At any rate it is not art such as we know here, but a practice of meditation.

So the effort is for a work that resonates with images and a world from them as they arise and disappear; for creation that mirrors asymmetry, imperfection, vital emptiness. Every step taken on the Noh stage is a step taken to purge ego with movement, not merely to represent but to actually embody transience. A calligrapher's imperfect brushstroke draws, reveals from the perfect-centeredness of what in Zen is understood as the 'heart-mind', a heart that minds.

Ikebana is the most self-referential of these practices, a way of actually cultivating abstract beauty. But of course the effort is to cultivate inside, and trust the hand to arrange a reflection outwards. It is a practice carried out in silence, and what better way to embody transience than to chose raw materials for perishability?

So a beauty cultivated fully in the knowledge that it will come to pass, itself a visual space for contemplation. These are the beauties of Buddhist art.

I'm writing all these by way of introduction because there's little background or insight into the actual practice in the film we have here. It is mostly a tour around the school of Sofu Teshigahara, Hiroshi's father, with snippets of both students and the sensei at work.

Inadvertently the essence of ikebana has been perverted many times over. Aristocrats in feudal Japan used it as an ornamental pastime for reflecting status and opulence, constructing in lavish scale. The great tea-master Rikyu restored it back to Buddhist grassroots and moved it to the tea-room - this is called chabana, I have briefly tried my hand in it with workmanlike results. But the tea-room is another story, a wonderful story.

What Sofu pioneered in his Sogetsu school, which continues to this day under his daughter's tutelage, was traditional ikebana welded together with modern ideas about sculpted space. Misshapen branches are structured together with beams of wrought iron, or blocks of solid rock are made to stand in awe-inspiring balance.

There are many arrangements presented here, some great, some not so great. It's worth seeing for these alone, especially if you have a vested interest in the above.
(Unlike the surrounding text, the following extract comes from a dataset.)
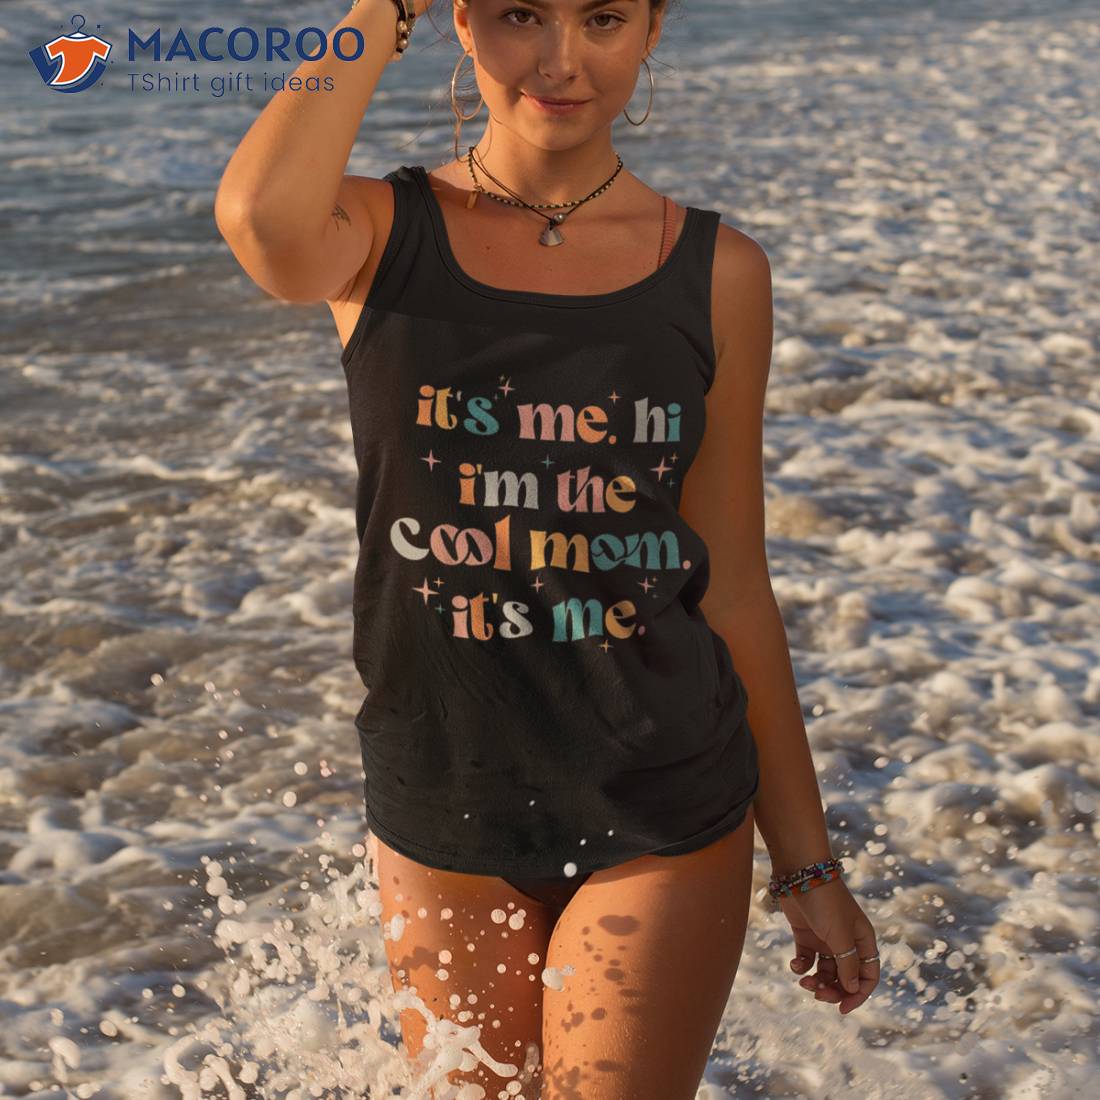 https://images.macoroo.com/wp-content/uploads/2023/04/its-me-hi-im-the-cool-mom-mothers-day-groovy-shirt-tank-top-3.jpg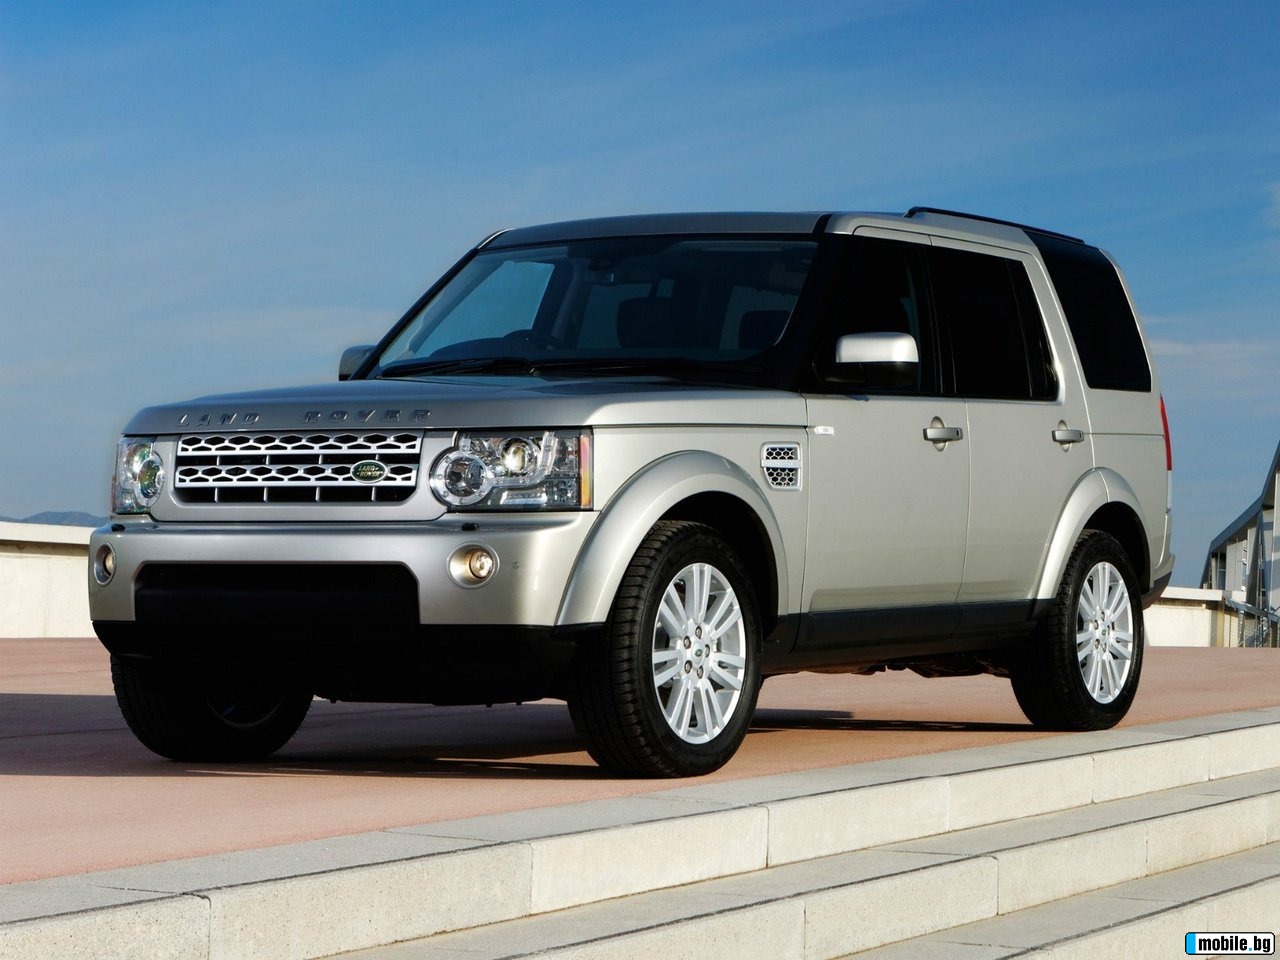 Land Rover Discovery IV, 3.0d | Mobile.bg   1

But as a film? It is short and no doubt an opportunity for the son to get valuable film practice while promoting his father's work, but as film it is ordinary. You'll understand more about ikebana by identifying it in Hiroshi's films, asymmetric arrangements of visual space from emptiness and misshapen elements.

Eventually he gave up film to take up his father's school, and only sporadically returned thereafter to make films about Gaudi and Rikyu himself. I suggest you pick up the thread there.